**Problem statement**
Word for word, restate the lines of the data below between those holding "Versatile and stylish" and "Largest table is 20' cubed.", inclusive; pictures do not belong in the copy.

**Extracted data**
=-=-=
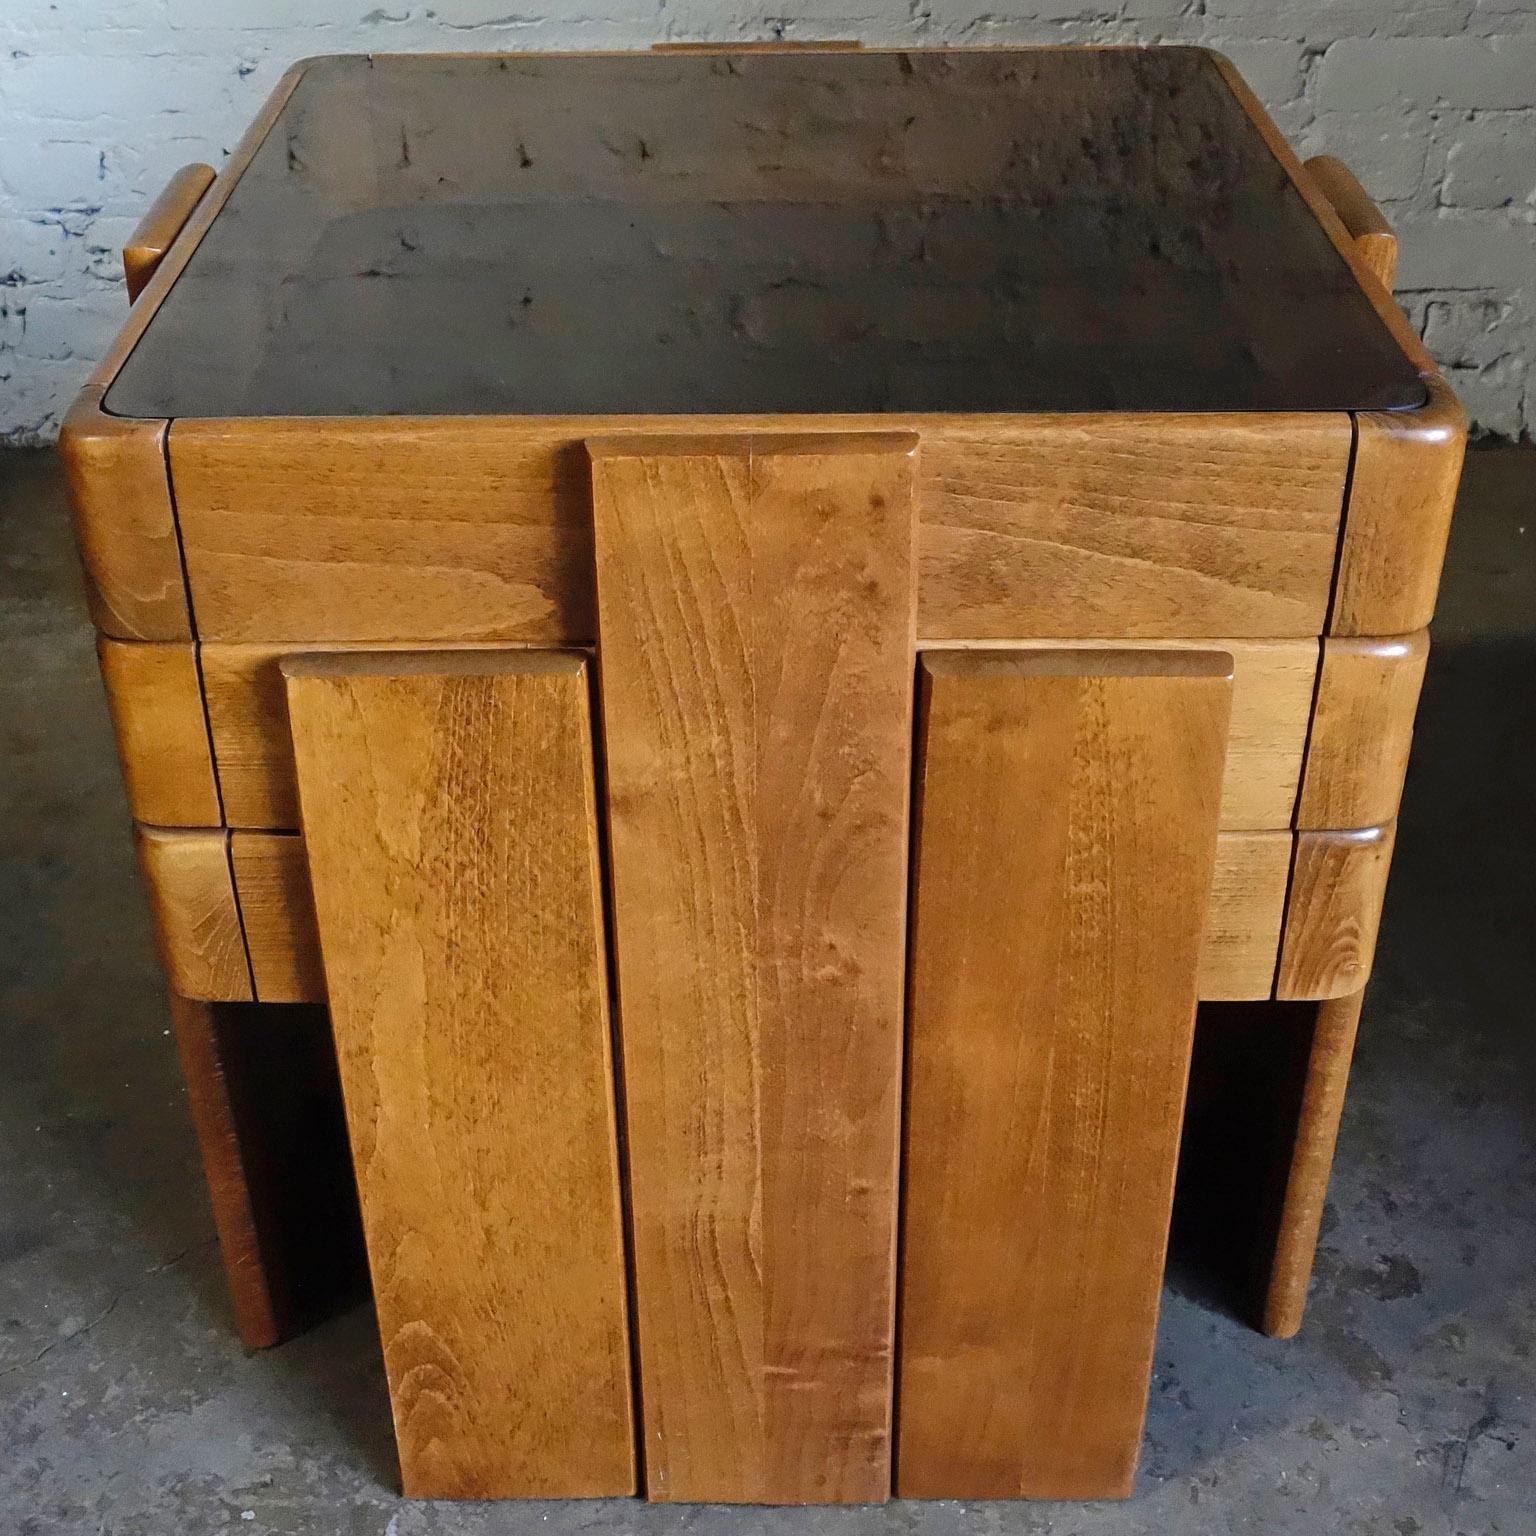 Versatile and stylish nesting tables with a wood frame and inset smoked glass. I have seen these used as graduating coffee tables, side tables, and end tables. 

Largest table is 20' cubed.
=-=-=
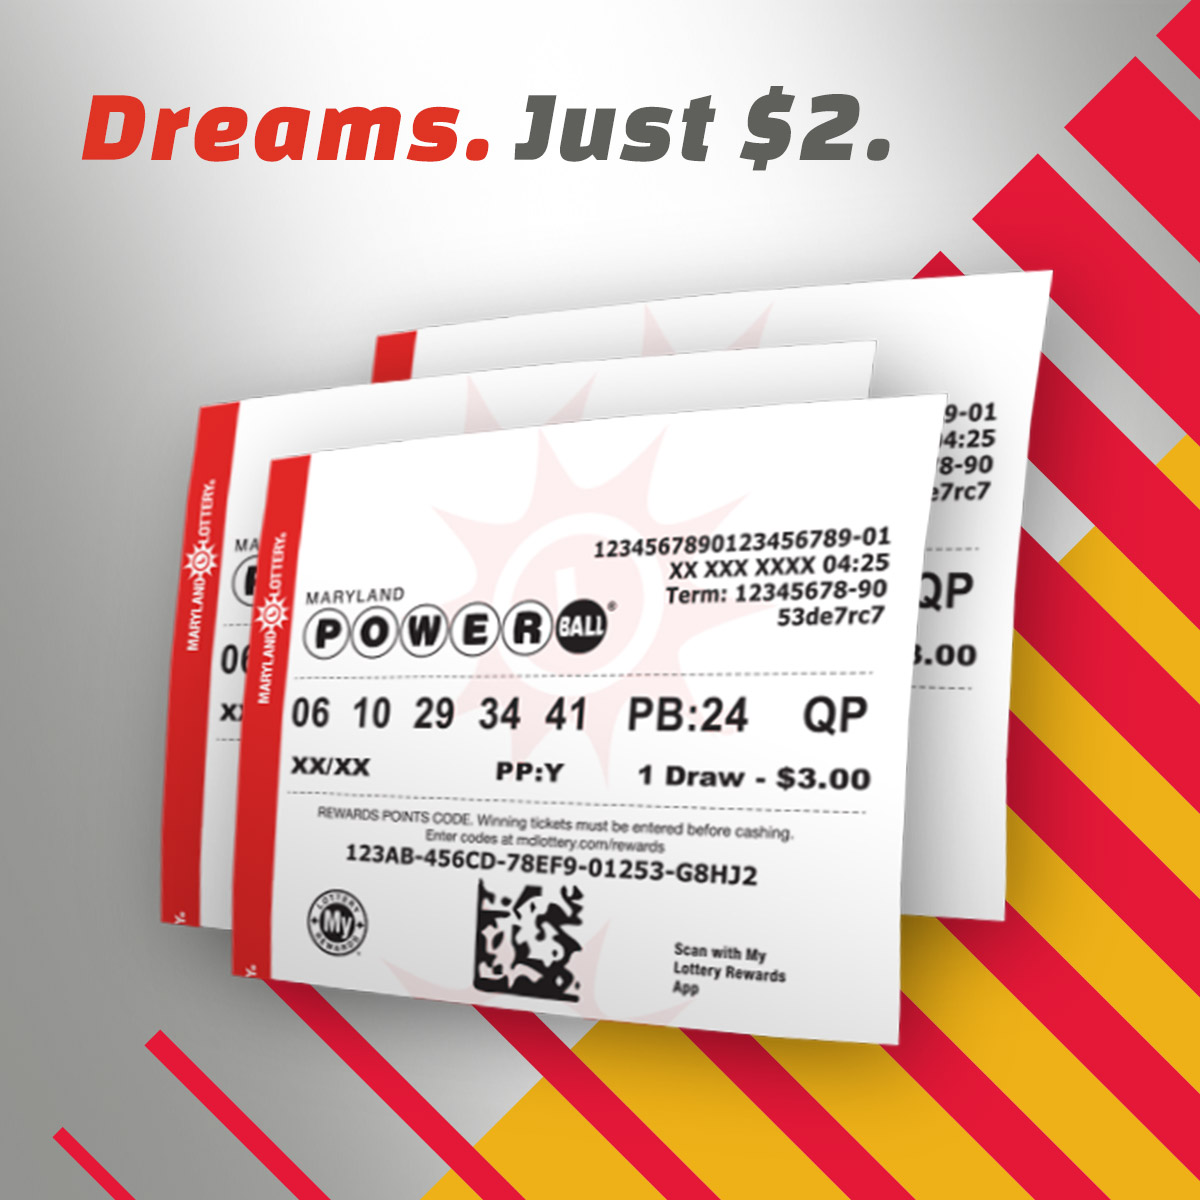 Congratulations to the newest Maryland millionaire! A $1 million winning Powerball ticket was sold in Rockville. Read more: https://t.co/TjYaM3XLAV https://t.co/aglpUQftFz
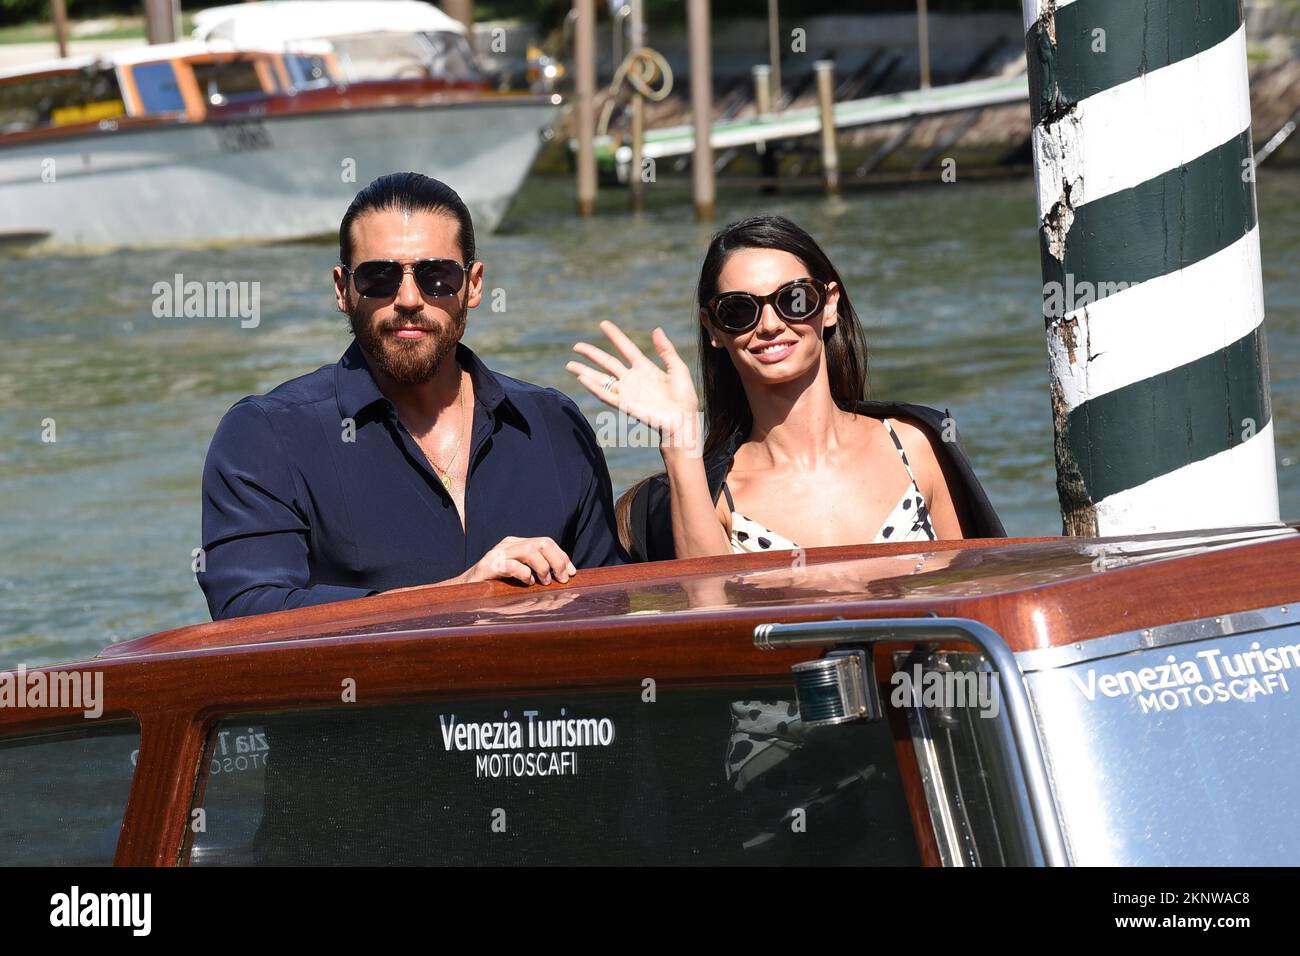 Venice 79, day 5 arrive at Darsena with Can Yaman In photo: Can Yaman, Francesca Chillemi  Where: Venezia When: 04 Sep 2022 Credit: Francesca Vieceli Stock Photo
=-=-=
**Solution to this task**
 Versatile and stylish nesting tables with a wood frame and inset smoked glass. I have seen these used as graduating coffee tables, side tables, and end tables. 

Largest table is 20' cubed.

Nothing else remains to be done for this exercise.